▸ Problem to solve
Your output should be the lines below from the one holding "Hairstyles Boys 2019" through the one holding "Best 34 Gorgeous Kids Boys Haircuts for 2019", transcribed exactly, with no pictures.

▸ Data for analysis
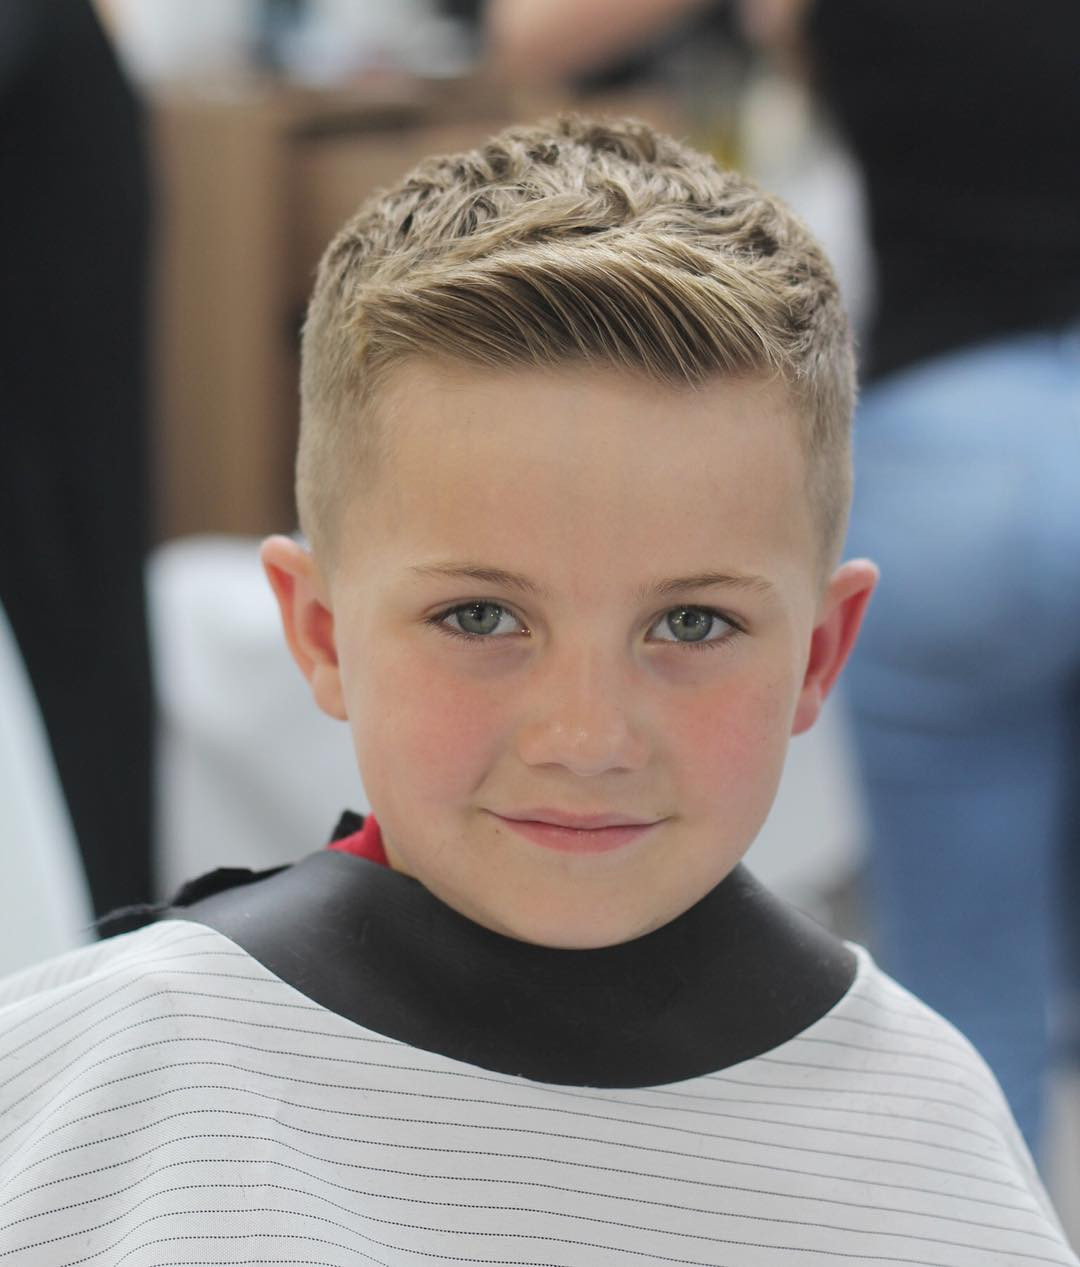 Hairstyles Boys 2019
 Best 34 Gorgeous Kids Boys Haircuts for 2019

...

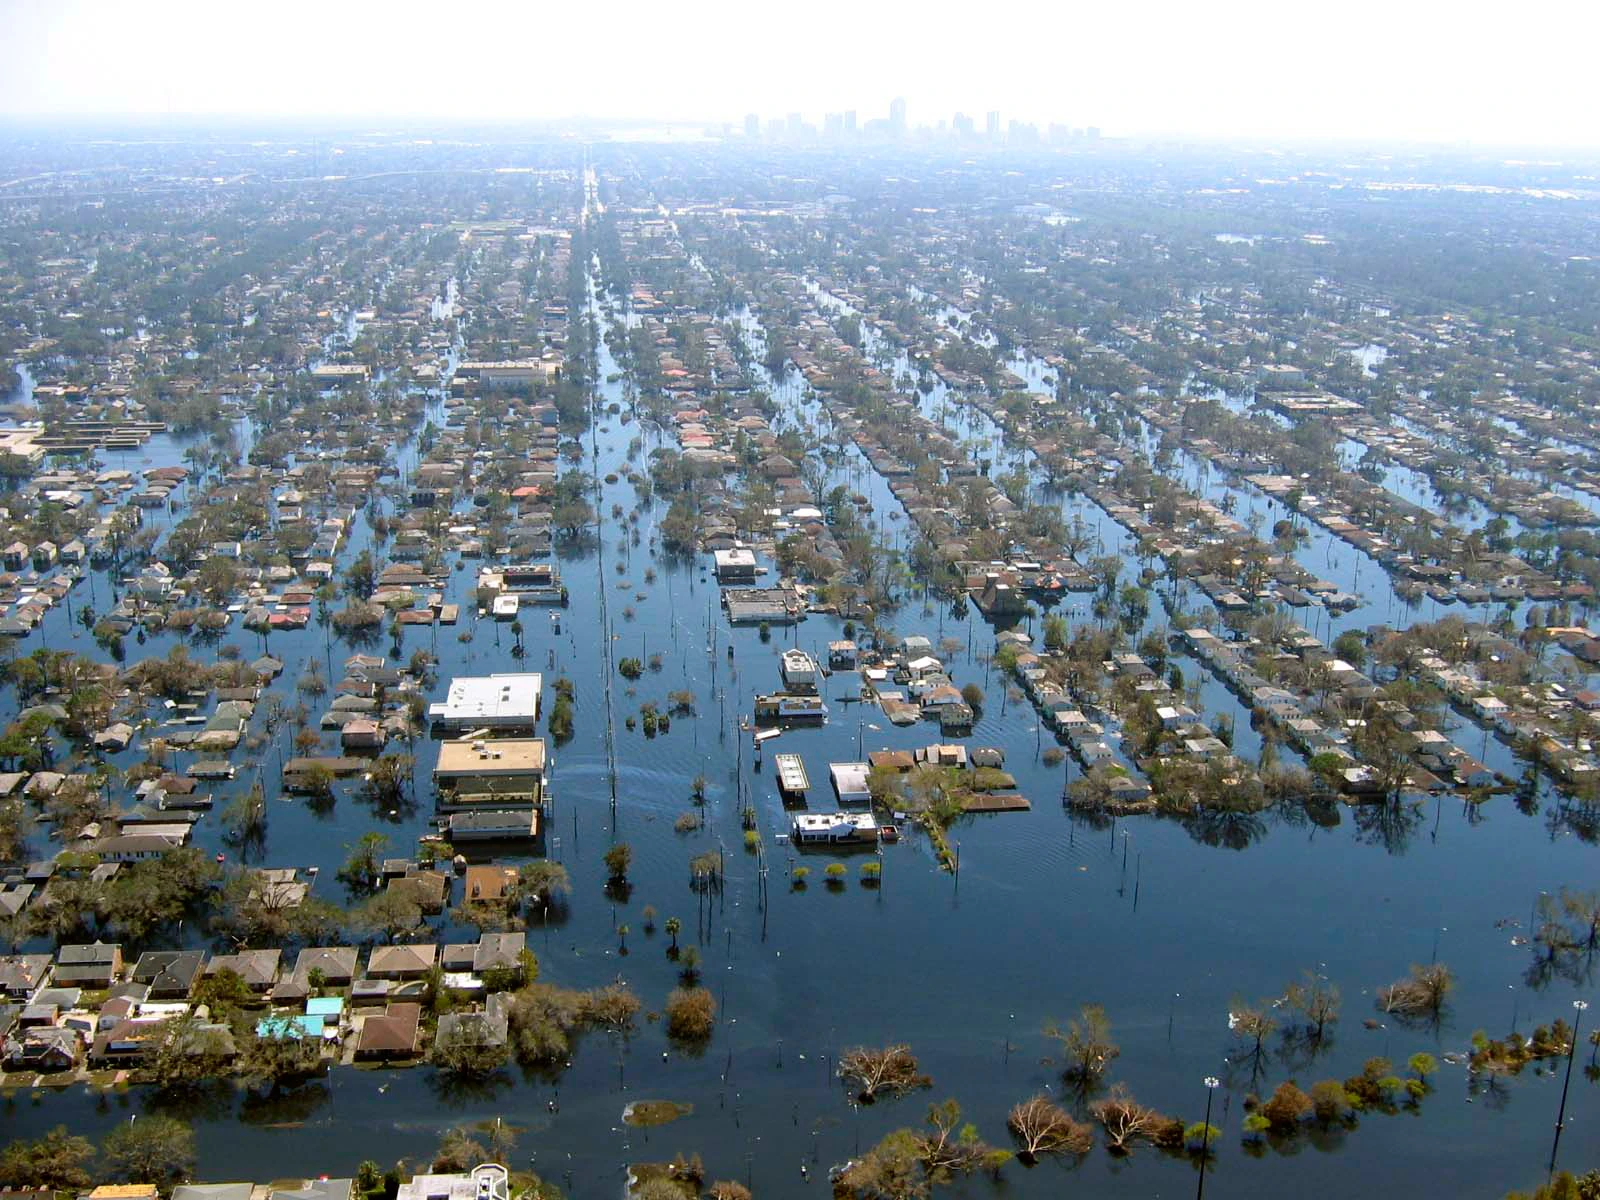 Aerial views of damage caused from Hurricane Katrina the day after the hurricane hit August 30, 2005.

▸ Output of the task
 Hairstyles Boys 2019
 Best 34 Gorgeous Kids Boys Haircuts for 2019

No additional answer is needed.